Early Praise for The Round Whisper of No Moon:
What if we could learn to say what we feel? These poems show us how. What if real courage is going to the tender place, and claiming your right to be there? This book takes you to that heaven. Poem after poem invests complete trust in the power of images to tell the heart’s most intimate desire. Alaska, California, Viet Nam, Cambodia—and curiosity, kinship, grief—are all home if you are one who can see. Put this book inside you, and then practice what it teaches: say what you love and long for. Don’t delay.
—Kim Stafford, Oregon Poet Laureate (2018-2020), author of Singer Come from Afar
Peter Kaufmann’s lovingly attentive poems hum with graceful gentility, each poem a whole world. Whether he’s contemplating a family farm going out of business, this life or the next, a brother or a stranger, Alaska or Viet Nam or Cambodia or Tassajara Zen Mountain Center in California, we’re there with him, side by side, feeling the delicate interweave of what’s hidden and what’s held. My favorite lines in this book are simple but unforgettable—Our teachers change and We are all visitors,/ we are always visitors. They rise from a richness of sensibility that guides a whole gorgeously giving life. In a world of next, next, next, Kaufmann’s poems strike the resonant NOW gong. The Round Whisper of No Moon is a riveting book to keep close by, on your shrine.

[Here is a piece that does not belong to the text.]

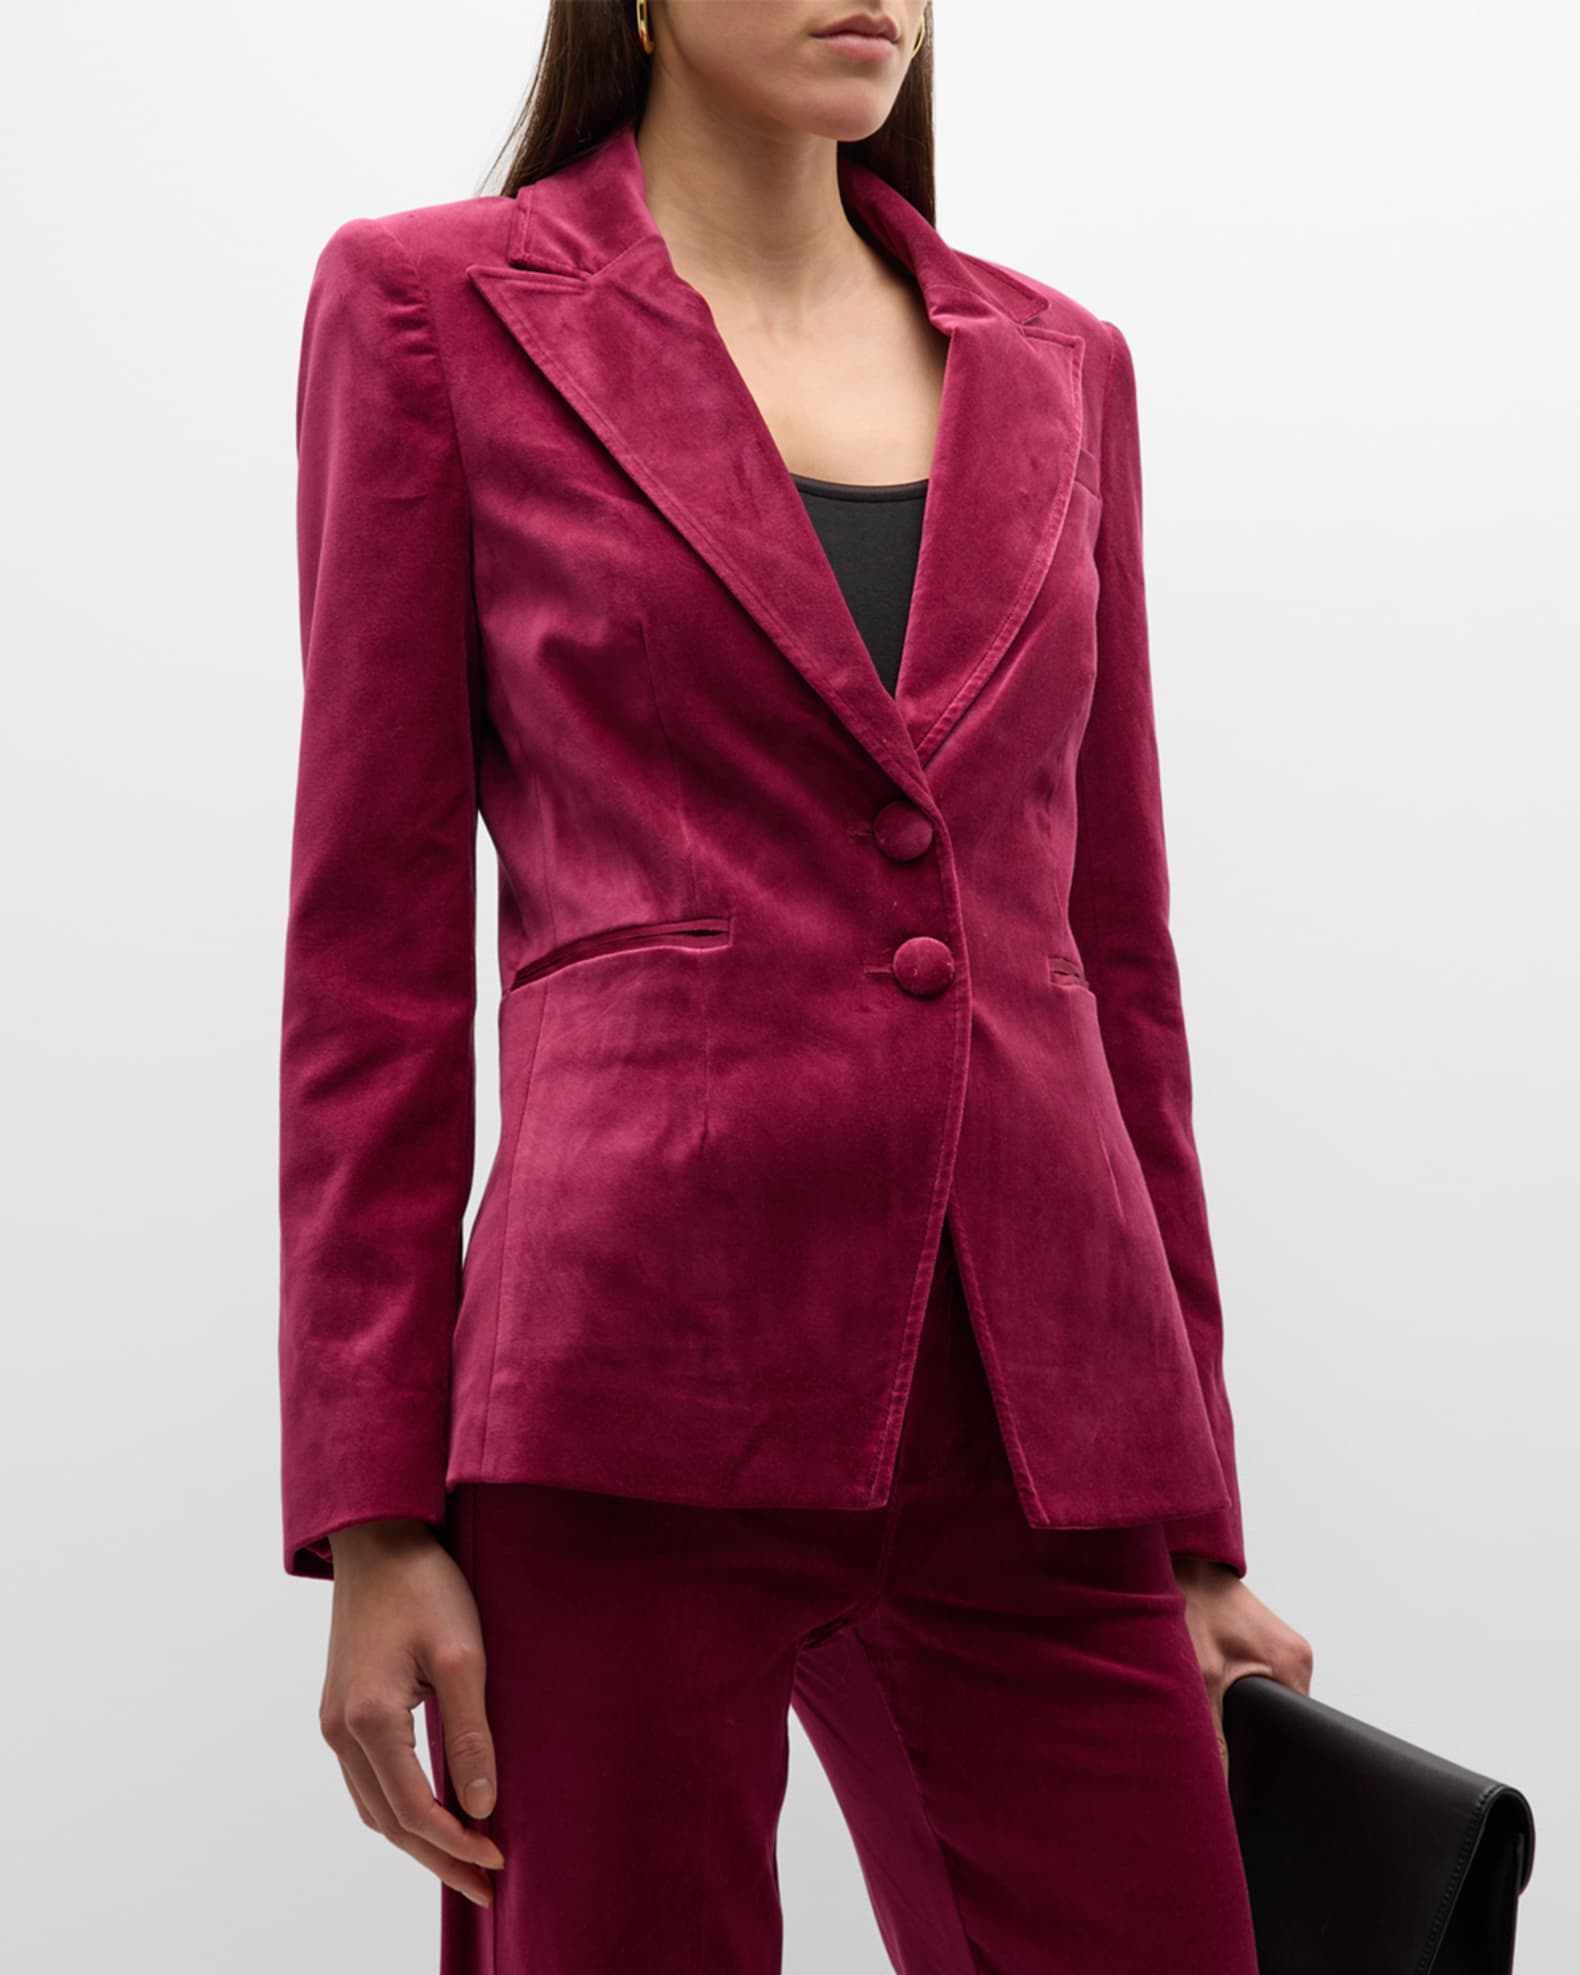 Louis Vuitton Suits & Blazers for Men - Poshmark

—Naomi Shihab Nye, Young People’s Poet Laureate, The Poetry Foundation
Peter Kaufman’s remarkable book The Round Whisper of No Moon is both tender and chilling. Like being wrapped in a woven blanket, you sink deep into the warm of the images he presents: a still pond, a 59 Mercedes running well, the cool marble of a pagoda. But also, against our skin are pinpricks of cold—openings in that fabric of beauty—that remind us why we long for that warmth to begin with: a farm in foreclosure, fish gasping, a blind man on a leash, a girl with a tray of lighters to sell. This poet wraps us in that space between warm and bright, and the coming cold, where we balance, breathless. The imprint of these poems will live long on your skin.